Hell of a question to ask yourself when you’re ass-deep in a hole the size of a grave.

I was half-done with the excavation for a new koi pond. The fish had grown too big for the old one. All eight of them had to swim in tight formation or their maneuverings looked like a watery version of Destruction Derby. Even when they managed the close-order drill, Lord Toranaga frayed his fins on the concrete. Every time I looked at him, I felt guilty. I should have been shoveling a lot sooner.

Digging the new pond had been put off all summer.
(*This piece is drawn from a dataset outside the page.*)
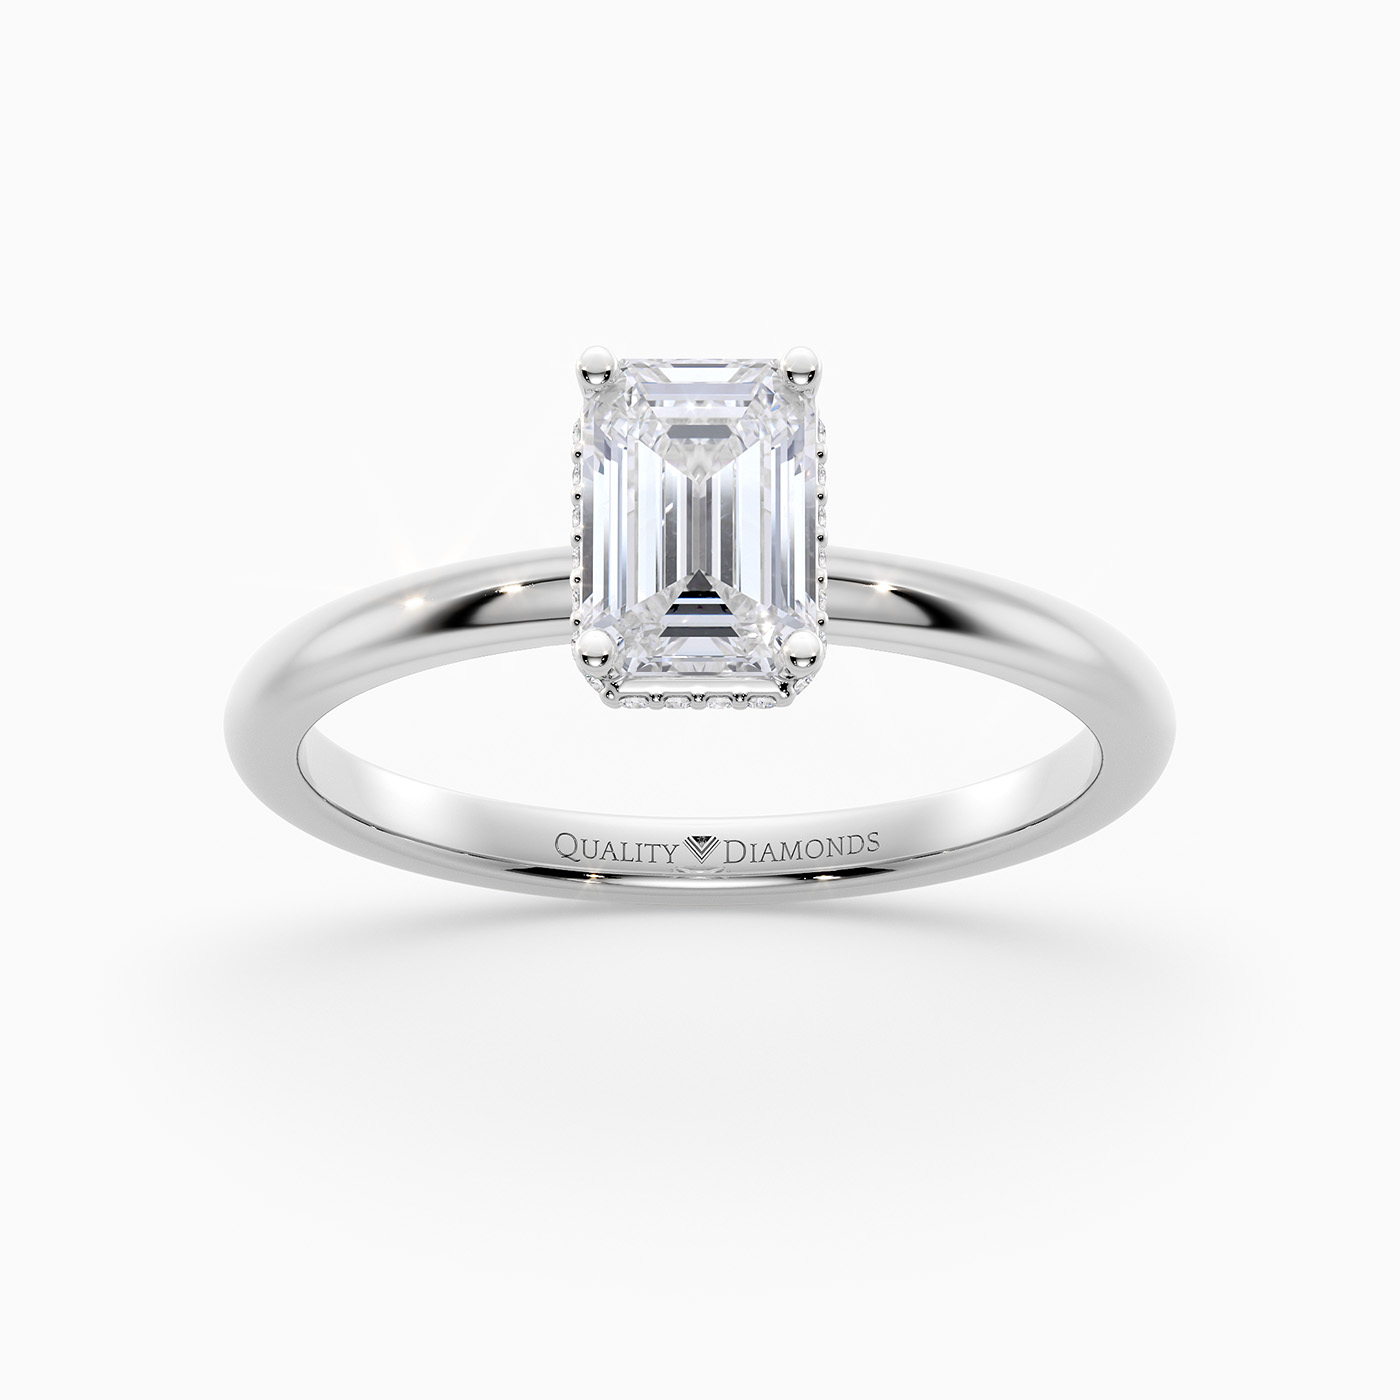 Emerald Liraz Hidden Halo Diamond Ring in Platinum 950

The ground was too dry, too hard, I kept telling Fiora. No sense in using dynamite when the winter rains will do the job for you. When the rain finally came, it was too wet, of course, and I had to wait a week for the soil to dry out a bit. Then it would rain before I could start digging, so it was wait and dry out, and then the rain came again. You’d have thought I had Mother Nature on a retainer. All through December and January, the storms came through on a perfect seven-day cycle that kept my excuse fresh.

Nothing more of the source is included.